The "positional relationship between the camera and the person" was also a huge problem in addition to their orientation. The distance between people's joints would change depending on whether they were filmed looking down from above or captured from a head-on position. Moreover, a person who was close to the camera would appear in different size from someone who was at a distance. We solved this problem using a method which estimates people's physical height. Based on a person's skeletal information, we estimate that person's height when standing upright on screen, or in other words their physical height, to accurately compensate for the inter-joint information. In this way, we became able to extract video information captured in three dimensions as two dimensional skeletal data regardless of the orientation.
In addition, it was also a problem of "speed/frame rate" for video processing. For example, even for the same hand raising motion, while one person may raise their hand slowly, another person may raise it quickly. While the person who moves slowly is recorded in many frames, the person who moves quickly is only recorded in a few frames. The same problem occurs even when the camera frame rate setting is different, but detecting similarity in these conditions becomes difficult. To deal with this issue, we came up with a method that extracts the key frames representing the change characteristics. Instead of looking at a series of movements, we focus only on the frames with significant changes such as the point where an arm starts to raise. As a result of doing so, we were able to create a technology which does not rely on the movement speed or camera frame rate.
Liu: In addition, the person tracking technology developed at NEC Laboratories America is also a significant factor.
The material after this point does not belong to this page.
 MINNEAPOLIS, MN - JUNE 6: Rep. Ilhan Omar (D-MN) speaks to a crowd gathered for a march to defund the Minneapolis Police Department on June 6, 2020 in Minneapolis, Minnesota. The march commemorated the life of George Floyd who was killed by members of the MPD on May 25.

By also adopting a technology that determines whether or not it is the same person in the video, the accuracy of this new technology dramatically increased. This new technology was created by the synergies through combining NEC's unique similar action detection technology developed by Mr. Yoshida with the “profiling across spatio-temporal data” technology and the tracking technology.
Capable of analyzing videos while protecting privacy
― In what ways can this new technology be applied?
Liu: I think that it can be applied in various different fields. Naturally, it can be applied to crime prevention and monitoring, and as well as applications to marketing. For example, if a person is raising their hands in front of a retail store shelf, you would understand that they are reaching for the shelf to pick up a product. This would indicate that they are interested in the product.
Yoshida: If you were to detect the number of times that they engaged in the act of extending their hands in front of the shelf, you would likely be able to extract data which represents how many people were interested in that product. Moreover, because such insights can be derived based only on the skeletal information, it can be operated in a way which takes privacy into consideration. If you only wish to capture the number of times that people reached for the shelves, it would be no problem to even delete the video in which the people appear.
Liu: As in this product interest example, I think that our video analysis technology is significant for the ability to show unknown and useful information which we would not notice just by looking at videos. We call these forms of value which are hidden within video, "insights," and going forward we have a vision that will converge not only people but people and items as well as the two axes of space and time as we hope to develop technologies that can present more valuable insights from videos.